# Fix: experience-mine dedup and retry handling

## Problem

1. **Whole-file dedup key prevents mining new segments.** When a session
   is mined, `experience_mine()` writes `_mined-transcripts#f-{UUID}` (a
   whole-file key). If the session later grows (compaction adds segments),
   the daemon sees the whole-file key and skips it forever. New segments
   never get mined.

2. **No retry backoff.** When `claude` CLI fails (exit status 1), the
   session-watcher re-queues the same session every 60s tick. This
   produces a wall of failures in the log and wastes resources.

## Design

### Dedup keys: per-segment only

Going forward, dedup keys are per-segment: `_mined-transcripts#f-{UUID}.{N}`
where N is the segment index. No more whole-file keys.

Segment indices are stable — compaction appends new segments, never
reorders existing ones. See `docs/claude-code-transcript-format.md`.

### Migration of existing whole-file keys

~276 sessions have whole-file keys (`_mined-transcripts#f-{UUID}` with
no segment suffix) and no per-segment keys. These were mined correctly
at the time.

When the session-watcher encounters a whole-file key:
- Count current segments in the file
- Write per-segment keys for all current segments (they were covered
  by the old whole-file key)
- If the file has grown since (new segments beyond the migrated set),
  those won't have per-segment keys and will be mined normally

This is a one-time migration per file. After migration, the whole-file
key is harmless dead weight — nothing creates new ones.

### Retry backoff

The session-watcher tracks failed sessions in a local
`HashMap<String, (Instant, Duration)>` mapping path to
(next_retry_after, current_backoff).

- Initial backoff: 5 minutes
- Each failure: double the backoff
- Cap: 30 minutes
- Resets on daemon restart (map is thread-local, not persisted)

## Changes

### `poc-memory/src/agents/enrich.rs`

`experience_mine()`: stop writing the bare filename key for unsegmented
calls. Only write the content-hash key (for the legacy dedup check at
the top of the function) and per-segment keys.
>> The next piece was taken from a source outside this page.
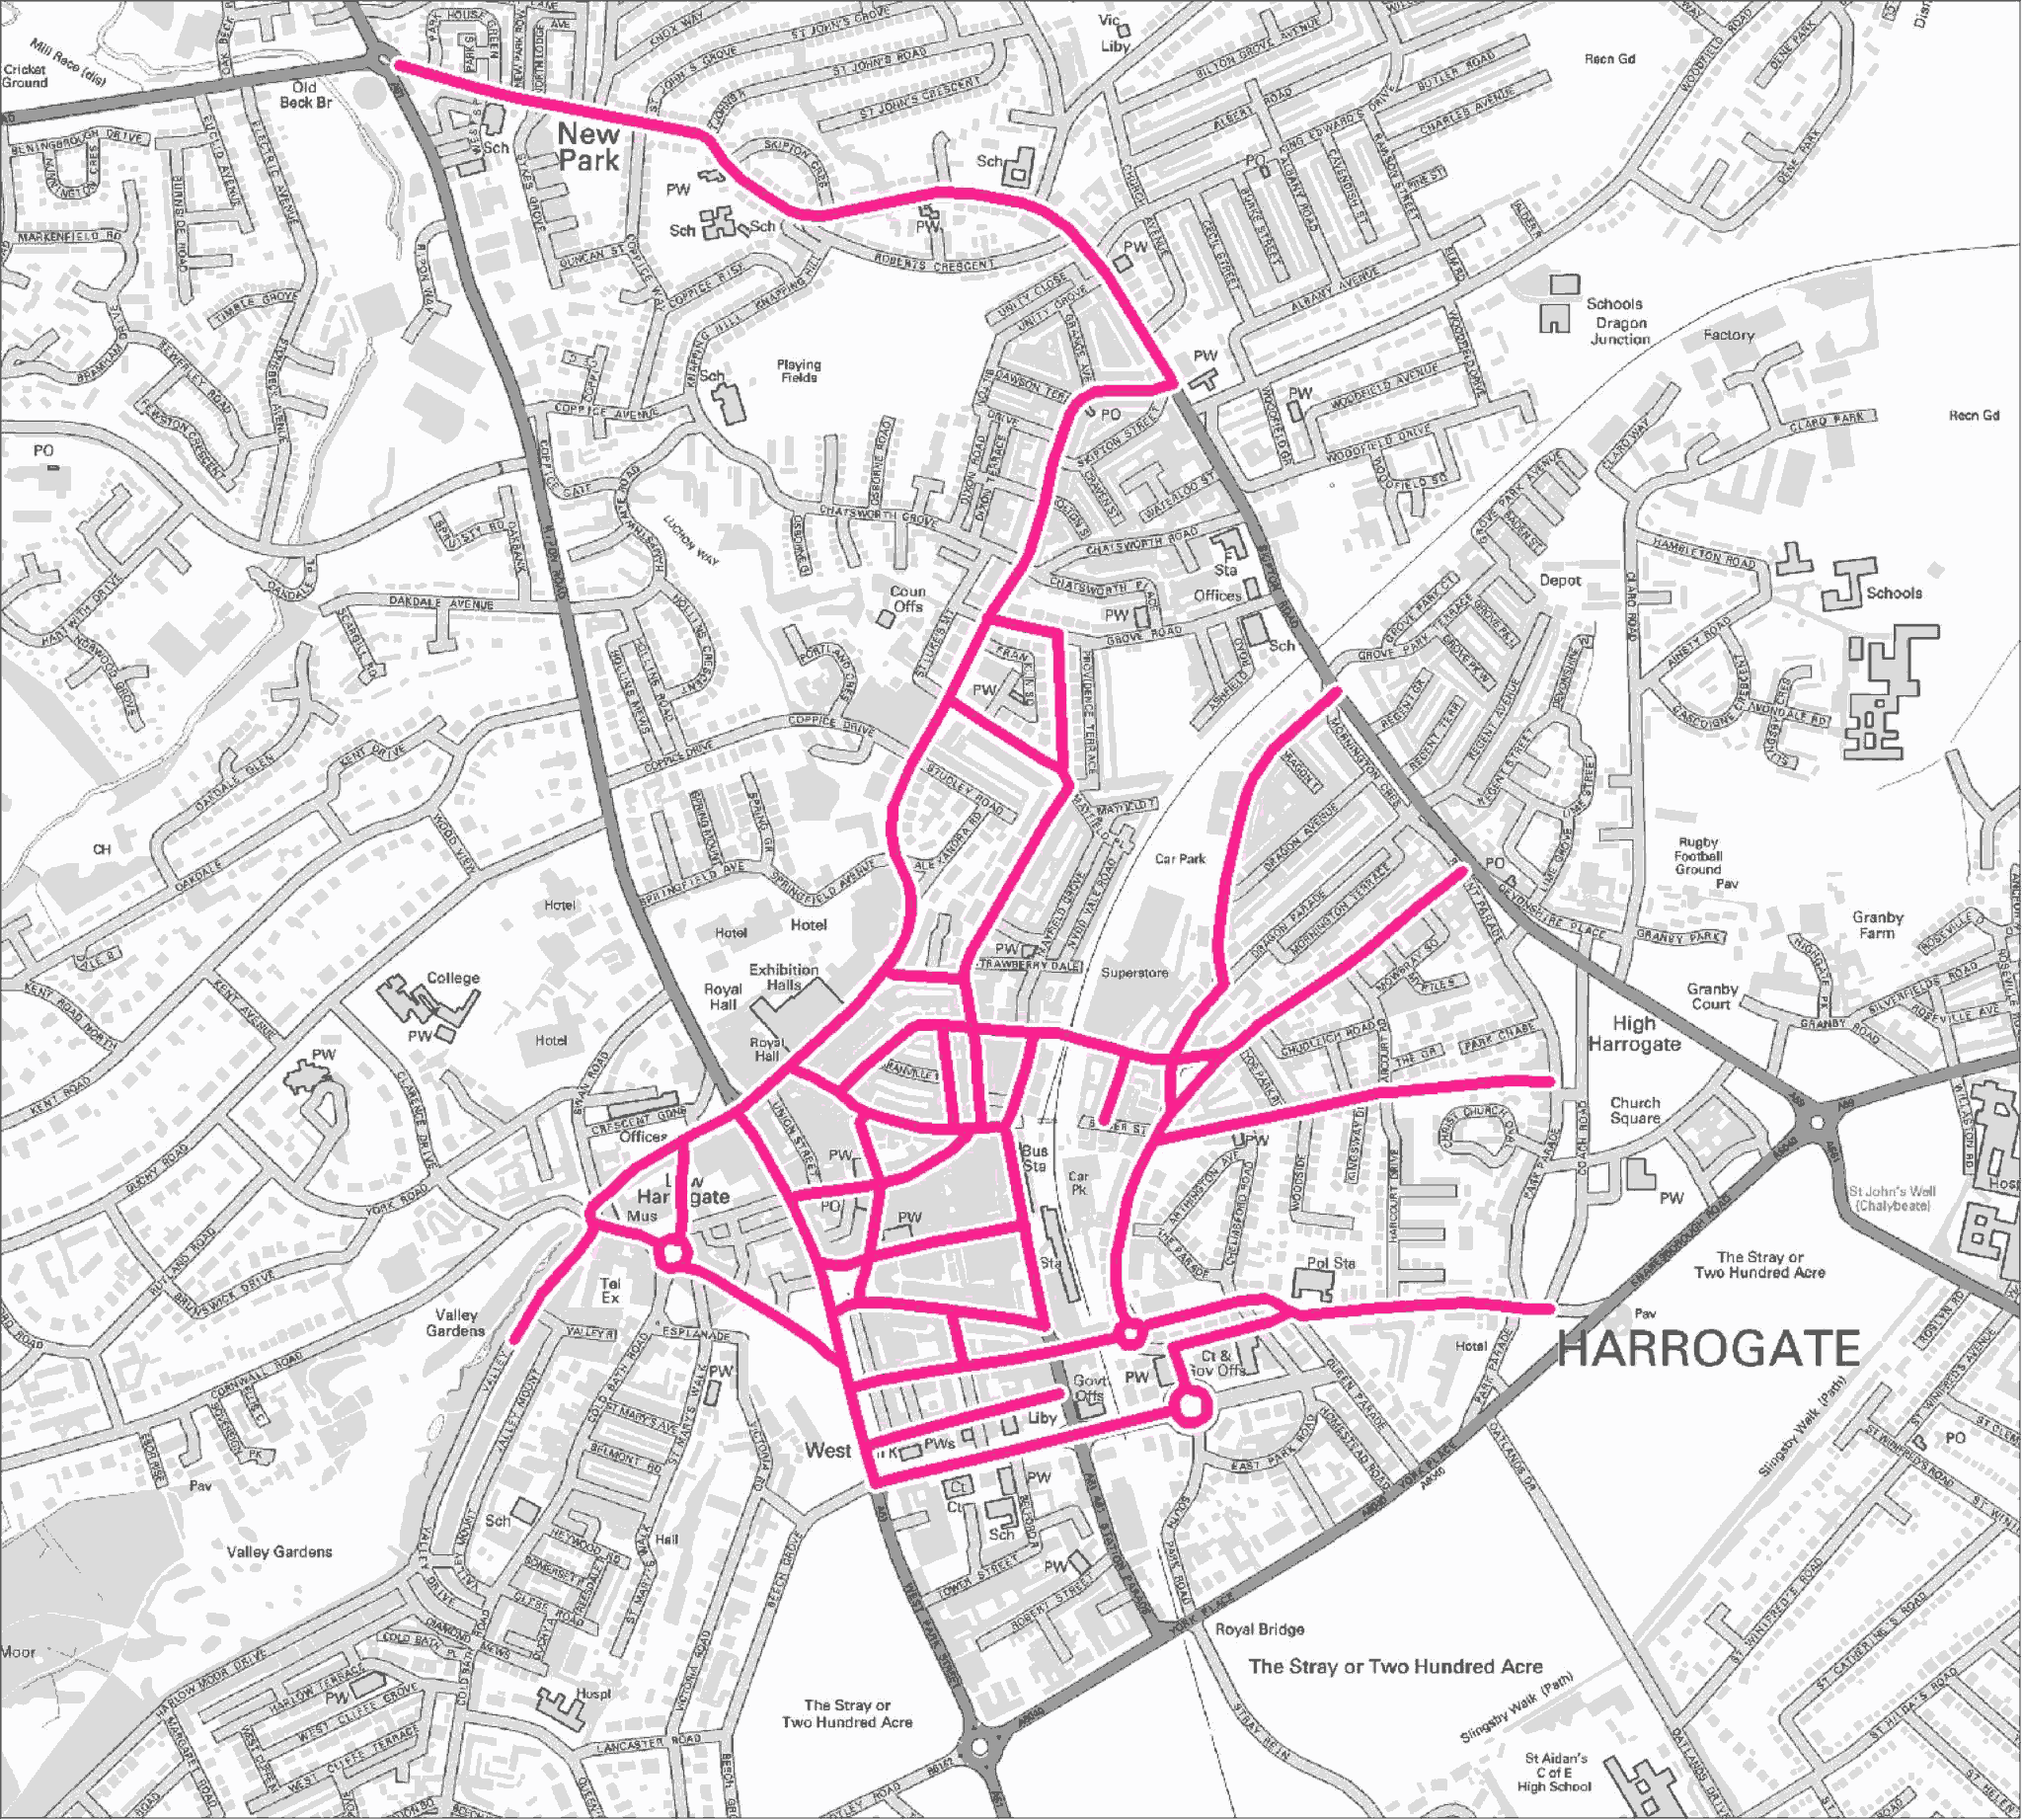 Harrogate footpath gritting map. Contact us for this information in a different format.

**Already done** — edited earlier in this session.

### `poc-memory/src/agents/daemon.rs`

Session-watcher changes:

1. **Remove whole-file fast path.** Delete the `is_transcript_mined_with_keys`
   check that short-circuits before segment counting.
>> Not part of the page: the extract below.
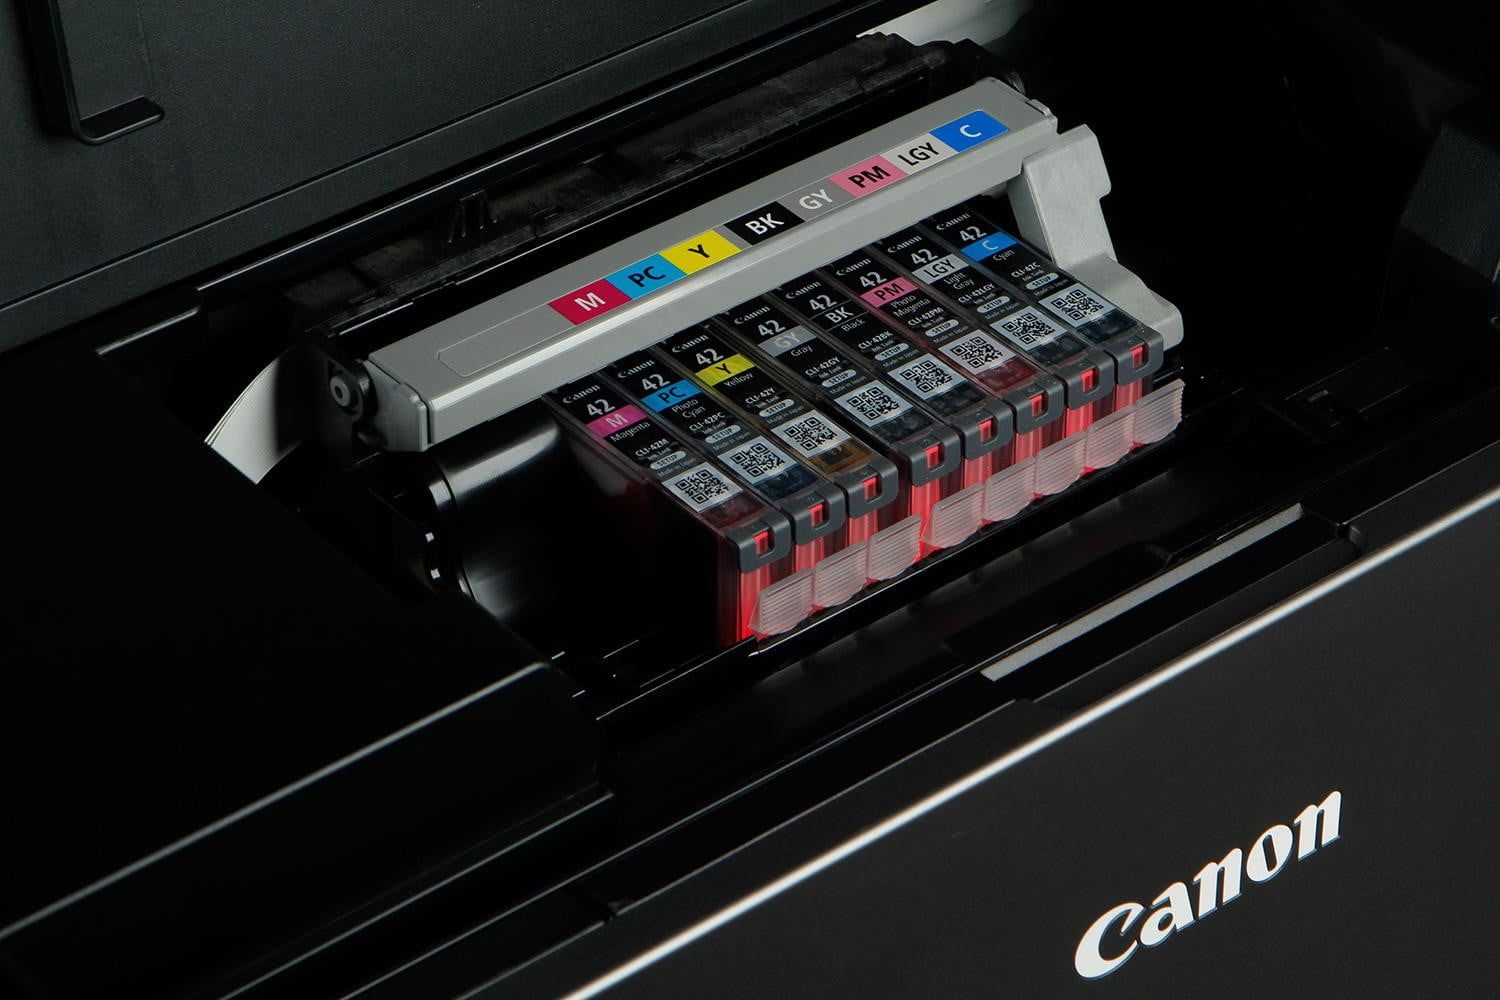 canon printer and scanner software download for mac

2. **Always go through segment-aware path.** Every stale session gets
   segment counting (cached) and per-segment key checks.
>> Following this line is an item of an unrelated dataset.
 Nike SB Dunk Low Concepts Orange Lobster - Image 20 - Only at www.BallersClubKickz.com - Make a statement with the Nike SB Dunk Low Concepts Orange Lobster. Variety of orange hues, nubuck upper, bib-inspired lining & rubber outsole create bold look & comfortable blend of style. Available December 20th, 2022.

3. **Migrate whole-file keys.** When we find a whole-file key exists but
   no per-segment keys: write per-segment keys for all current segments
   into the store. One-time cost per file, batched into a single
   store load/save per tick.

4. **seg_cache with size invalidation.** Change from `HashMap<String, usize>`
   to `HashMap<String, (u64, usize)>` — `(file_size, seg_count)`. When
   stat shows a different size, evict and re-parse.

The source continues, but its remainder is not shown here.